Chesapeake Bay advocates just won a major victory in an appellate court that upholds strict limits to how much phosphorous can flow into the bay.

And the Des MoinesWater Works has finally tired of waiting for voluntary efforts by ag interests to cut pollution. It filed its own suit that attempts to hold farmers accountable for polluting drinking water.

But here we’re unable or unwilling to learn from the experience of other regions, especially the Chesapeake Bay.

We’re pinning our hopes on a marginally interested group of Great Lakes governors who’ve pledged to cut ag pollution using the same methods that didn’t work in the Chesapeake.

WOTUS elephant

Back to Great Lakes officials with over-hyped environmental credentials.

Ohio Rep. David Joyce came to office in 2012 and quickly became a darling of Great Lakes advocates.

With a district that borders Lake Erie, he tried to establish his Great Lakes credibility by securing funding for Great Lakes restoration.

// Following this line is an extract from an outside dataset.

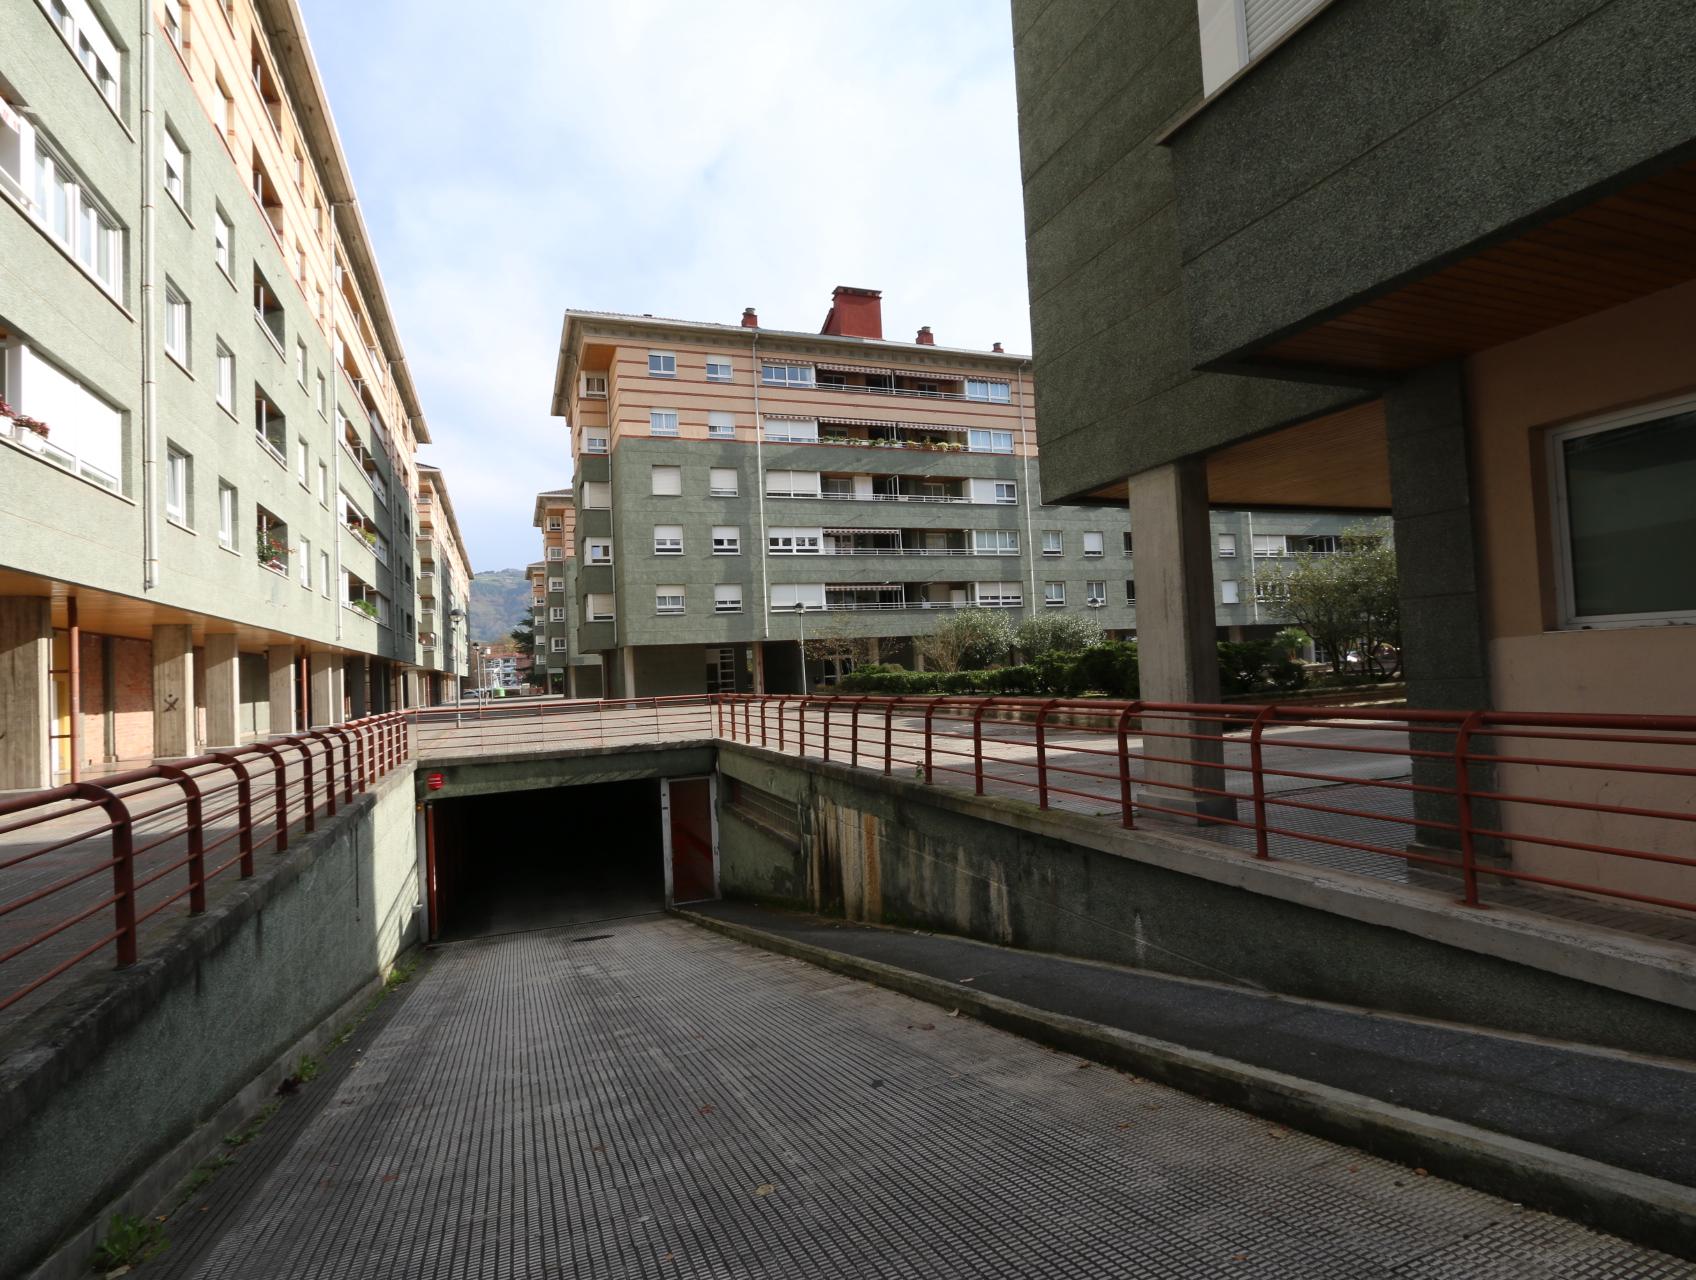 Garaje cerrado en venta en Iurre, Tolosa, Tolosaldea, Gipuzkoa
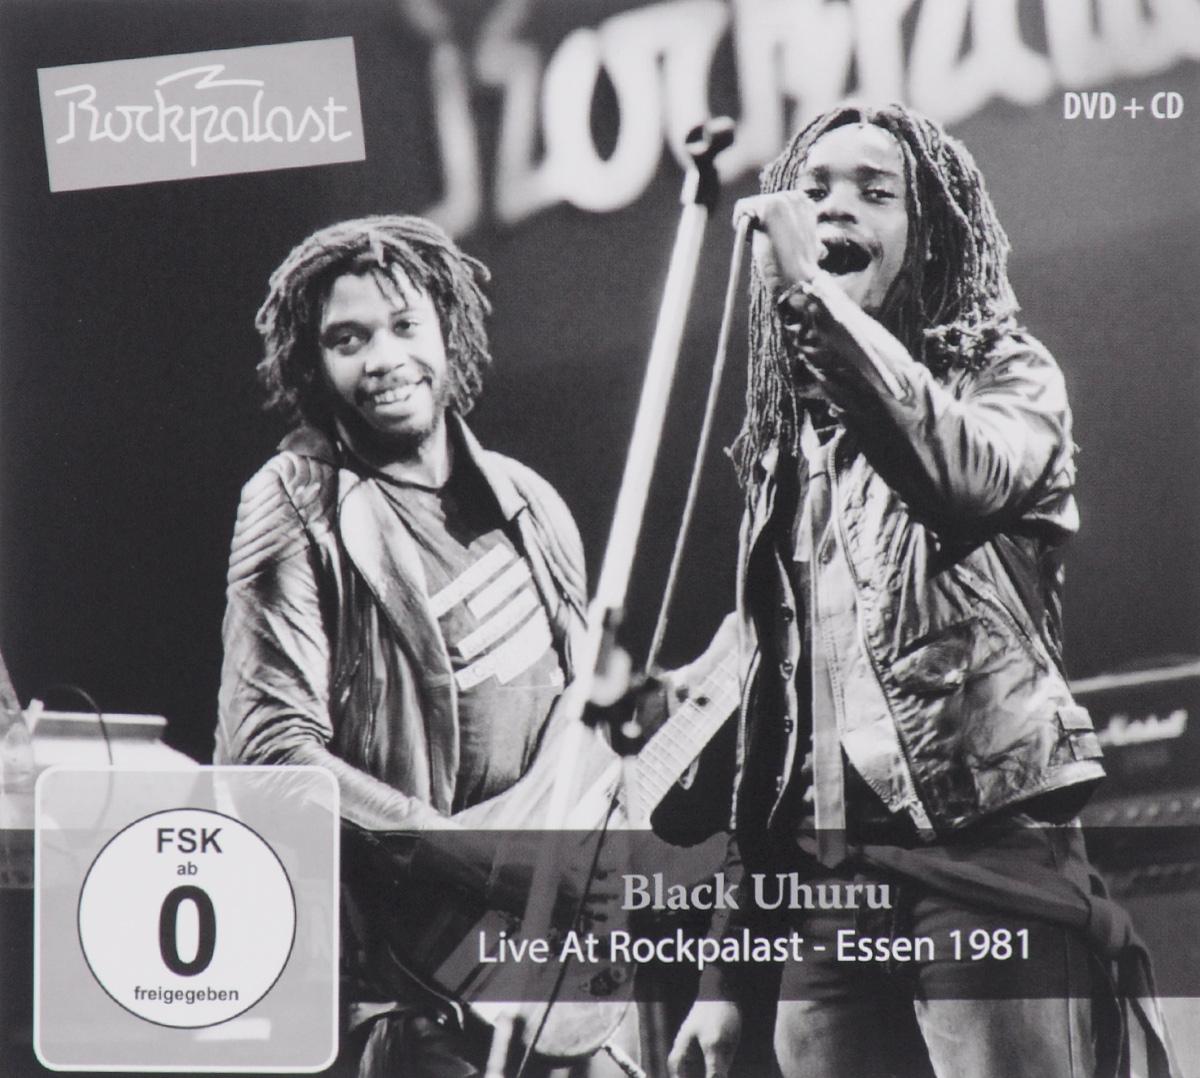 Black Uhuru Black Uhuru. Live At Rockpalast. Essen 1981 (CD + DVD) mother s finest live at rockpalast dvd 2 cd

Joyce, a Republican, is on the House Appropriations Committee — the folks who write the checks from taxpayers’ checking account.

Joyce also wants to “reduce the scope and size of government” according to his website.

And he’s trying, even if it puts clean water at risk.

Joyce is a sponsor of the Waters of the United States (WOTUS) Overreach Protection Act.

The “Act” would prohibit the U.S. EPA and the Army Corps of Engineers from implementing the WOTUS “rule” that clarifies which waterways come under the Clean Water Act, the landmark legislation that protects drinking water.

The rule’s passage is a “big deal” because our “water resources are so interconnected” the Environmental Law and Policy Center says on its website. Streams connect with rivers which connect to lakes — you get the connectivity picture.

If the Great Lakes community wanted to acknowledge the elephant in the room, they would call out Joyce and other Great Lakes politicians who want to ditch the WOTUS rule. But that’s not happening even though the WOTUS rule will have a significant and positive on water quality.

NRDC’s public rebuke of Kirk on his climate vote and Great Lakes record was deserved. And other politicians who profess to be Great Lakes champions should be subjected to the same scrutiny.

I’m not a fan of praising politicians for small moves in the right environmental direction. It provides them with political cover more than anything else.

But if you’re going to heap praise on politicians you have a responsibility to criticize too.

That’s where Great Lakes advocates often fall short. They’re like the referees who shirk their responsibility and swallow their whistles, afraid to make a tough call in the closing seconds of a game.

We can’t do that; we can’t continue to ignore the elephants in the Great Lakes room.